Here's an excerpt from Doug Wilson's blog, in which he reviews Hitchens' new book. I suspect that if you read this excerpt, you'll know just about everything you need to know about the book.
But the second response is to point out the logical problem with how Hitchens has arranged his thought experiment. Suppose his thesis was not that religion poisons everything, but rather that trousers poison everything. Since trousers are common enough, just like religion, it would not be much work at all for a person of Hitchens' abilities to assemble one horrendous story after another of one atrocity after another, and all committed by men in trousers. See, trousers poison everything.
The problem here is immediatley seen in the availability of counterexamples. We betake ourselves to look at this society, and then that one, and all the men in those societies wear togas. And, sure enough, we find that all the same atrocities are being committed in these differently-appareled cultures. Maybe trousers don't poison everything. Maybe men are a disgrace to trousers. For if trousers poisoned verything, one would think (naturally enough) that to get into a trouser-free zone would pretty much take care of the problem. But toga-men do all the same awful stuff. And then, so do loin-cloth men. Maybe togas don't poison everything either. Maybe men are a disgrace to togas.

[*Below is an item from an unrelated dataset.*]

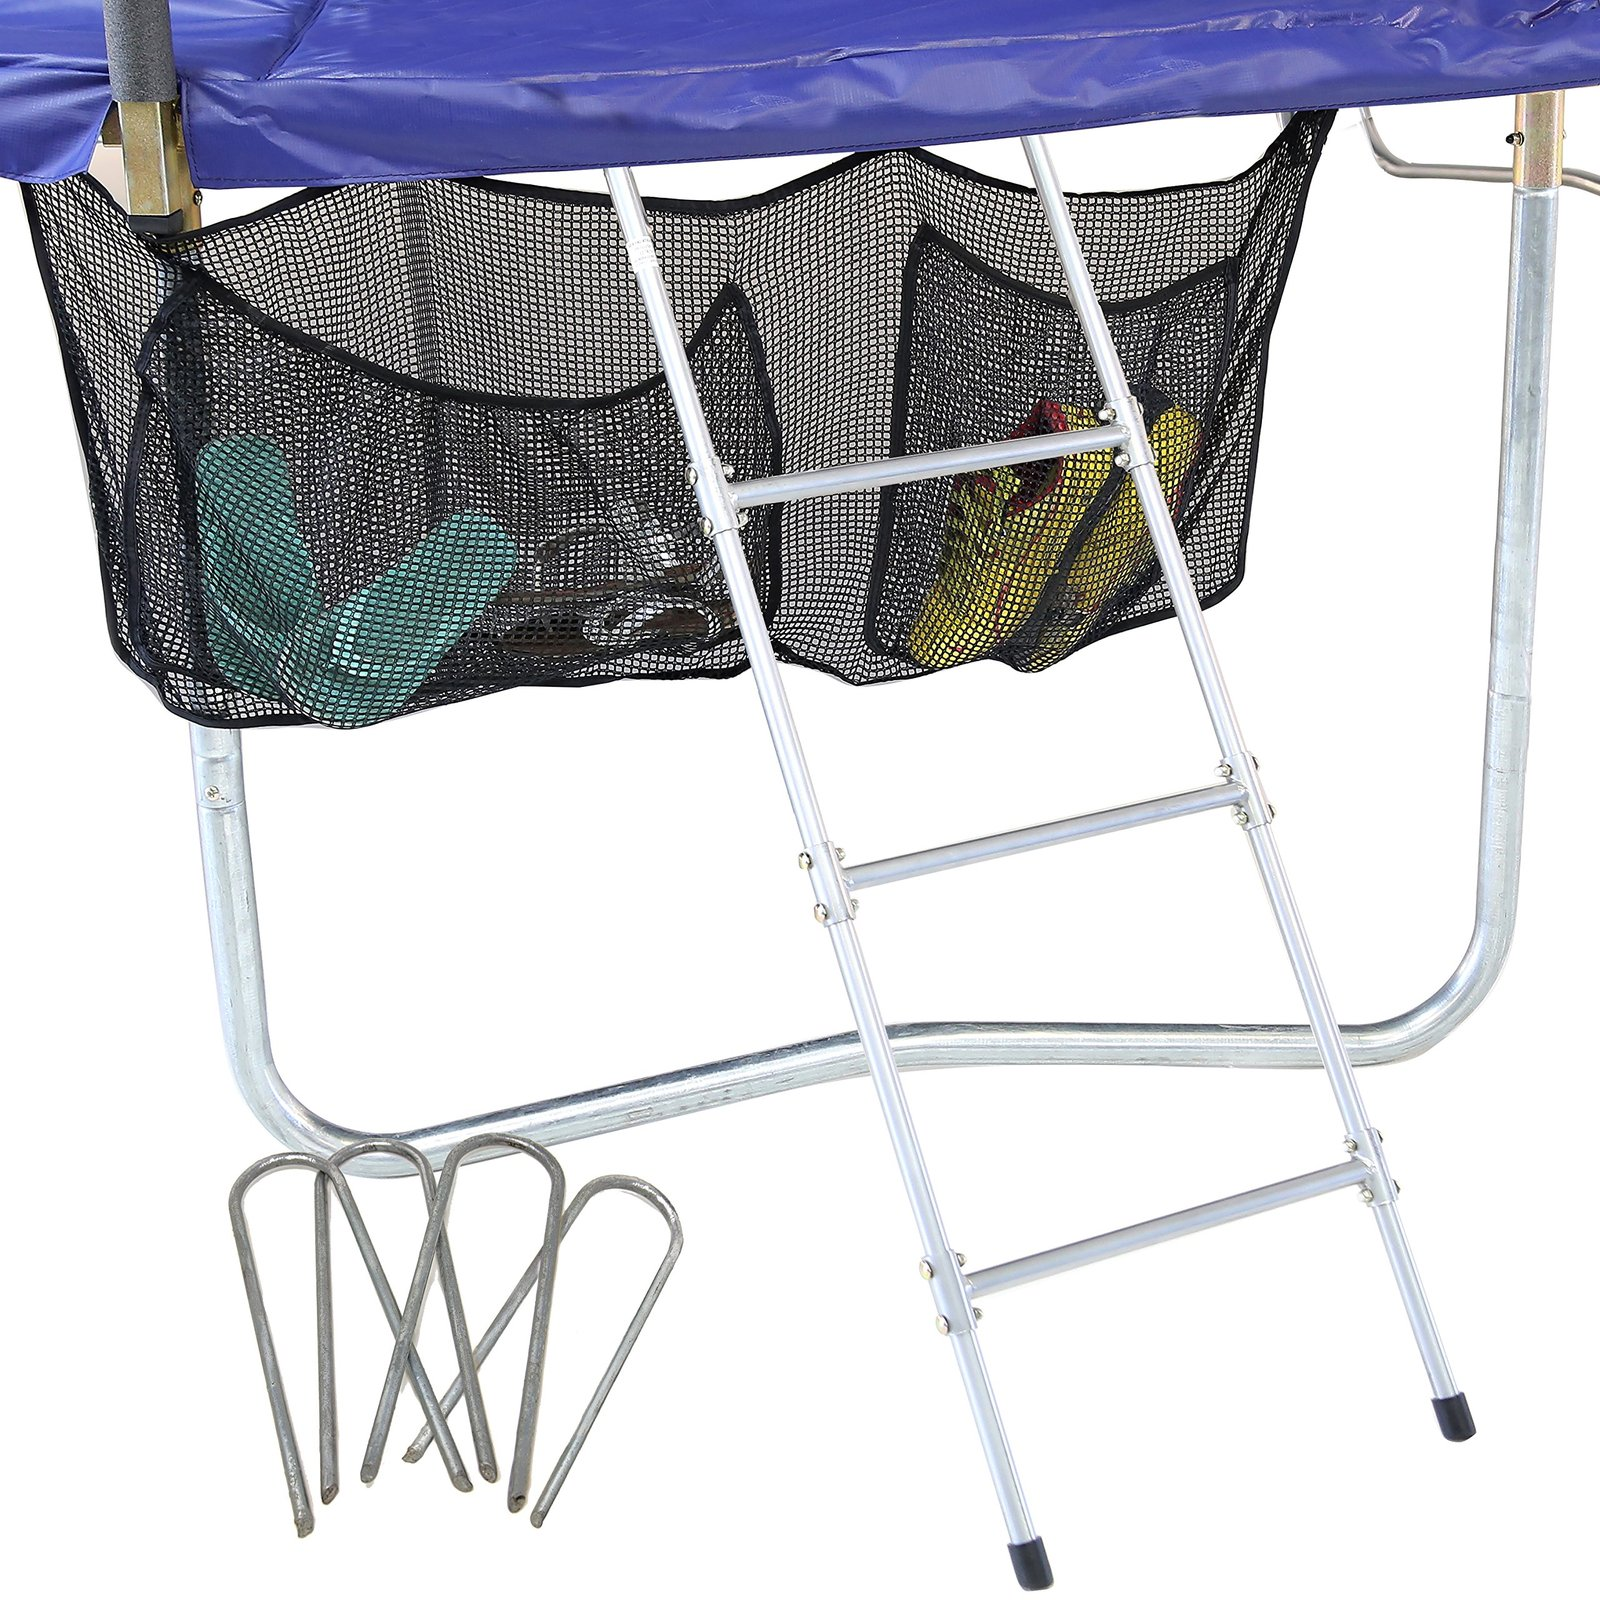 Trampoline Parts Center Coupon Code: Skywalker Trampolines Trampoline Accessory Kit

The subtitle of this book is "How Religion Poisons Everything." And in this chapter, "Religion Kills," Hitchens points to example after example of religious people behaving badly. And I, for one, don't think he is making this stuff up. But for someone who bases an awful lot on reason, I think he needs to pay closer attention to what he is doing in the name thereof. His conclusion does not follow from the evidence being presented, not unless wet streets cause rain.
Perhaps Hitchens should take a step farther back and argue a much more plausible point, which is that "People Poison Everything." Go back to our trouser example. If trousers were the problem, then getting rid of them should get rid of the basic problem (making all due allowance for societal inertia). In the same way, if religion is the toxic waste in the system, then purging it should deal with the problem. So, then, what did almost a century of religion-free societies (Soviet Union, Red China, and so on) teach us about all this? We had quite a few trips around the sun enjoying life to its fullest, now that religion (that which poisons everything) was banished and gone. But son of a gun, the atrocities sort of picked up speed. The "poison" was purged from the system but the patient was still flat on his back on the hospital bed with his tongue hanging out.
When you look at abominable theistic societies and abominable atheistic societies, the variables are probably not the thing you want to appeal to in order to account for the constant, horrific result. We need to look for the constant. What might that be? People. People poison everything.